Ayurveda’s popularity fails to carve niche

Pranita Roy
Thursday, 27 July 2017

Pune: Although many professionals are turning towards Ayurveda for its holistic approach for treating various maladies, this branch of medicine has lesser takers as students have been taking up modern medicine in large number.

Pune: Although many professionals are turning towards Ayurveda for its holistic approach for treating various maladies, this branch of medicine has lesser takers as students have been taking up modern medicine in large number.

City-based Ayurveda experts have said that these days, doctors practising Allopathy   have started prescribing Ayurvedic medicines as an alternative to patients. This is because there are limitations in modern medicine to counter non-communicable disease like diabetes, cancer, heart disease and chronic respiratory diseases. Hence, there has been an increase in demand of Ayurveda among doctors, scientist and researchers.

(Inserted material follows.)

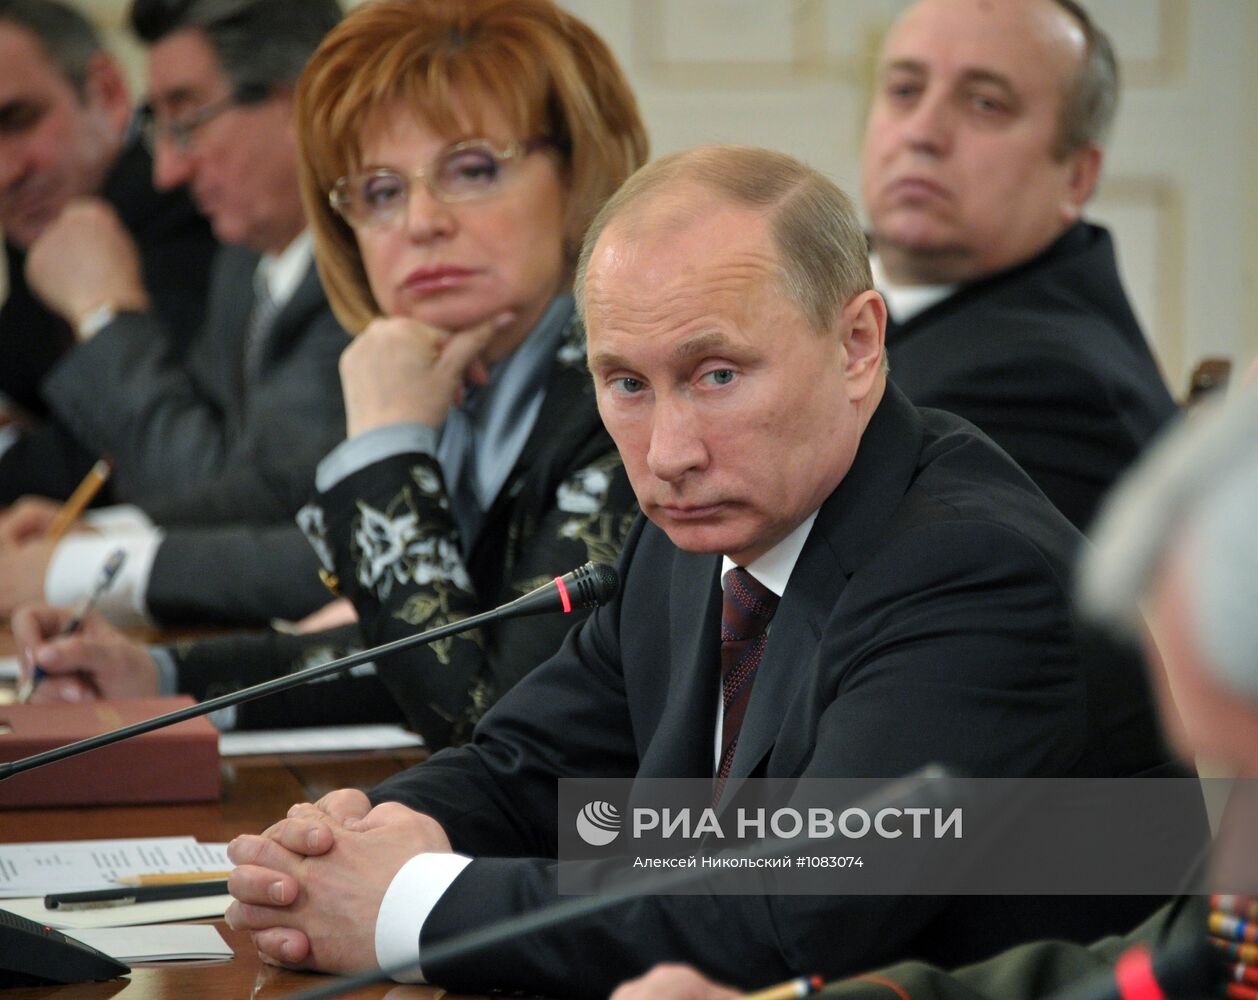 В.Путин встретился с членами координационного совета ОНФ

Yet, it shows that students mostly give first preference to modern medicine over Ayurveda because of less scope in it. “Students usually look for wider career opportunities which modern medicines offer. Courses like MBBS and BDS have a larger scope than Ayurveda in terms of employment. 

Therefore, naturally students tend to incline towards modern medicine sector,” said Bhushan Patwardhan, Director of Centre for Complementary and Integrative Health (CCIH) of Interdisciplinary School of Health Science at SPPU.

The experts have also said that another reason towards the stagnant condition of the sector is due to low priority given by the government. 

“The government dedicates 97 per cent of the budget to modern medicine sector while only three per cent is allocated for Ayurveda. This has left a little scope in development of this sector,” said Dr Vishnu Joglekar, professor of Tilak Ayurveda College.

“So far, Ayurvedic treatment did not fall under insurance category. It is now that the government is considering of including it under the insurance policy in National Health Policy,” said Girish Tillu, Vaidya-Scientist and researcher at CCIH of Interdisciplinary School of Health Science in SPPU. 

However,  the government has now come out with several schemes under Ministry of Ayush. This will probably help in improving the situation.

Pune is the only city in the country which has seven Ayurveda colleges. There are  seven colleges, two government-aided colleges Ashtang Ayurveda College and Tilak Ayurveda College and five private colleges Sumatibhai Shah Ayurveda College in Hadapsar, Bharati Vidyapeeth Deemed University’s College of Ayurveda, College of Ayurveda and Research Centre in Akurdi, Dr DY Patil College of Ayurved and Research Centre and Bharatiya Sanskriti Darshan Trust’s Ayurveda College in Wagholi.

According to Patwardhan, there is a lack of trained researchers in the field of Ayurveda. 

“There are no scientific documentation or evidence available to support the scientific reasoning of Ayurveda. We require researchers who can do research in the field which will help in credibility, promotion and popularising of the subject,” said Patwardhan.

“Therefore, through more research, we can raise awareness about Ayurveda and convince that it is effective and has scientific relevance in life,” added Patwardhan.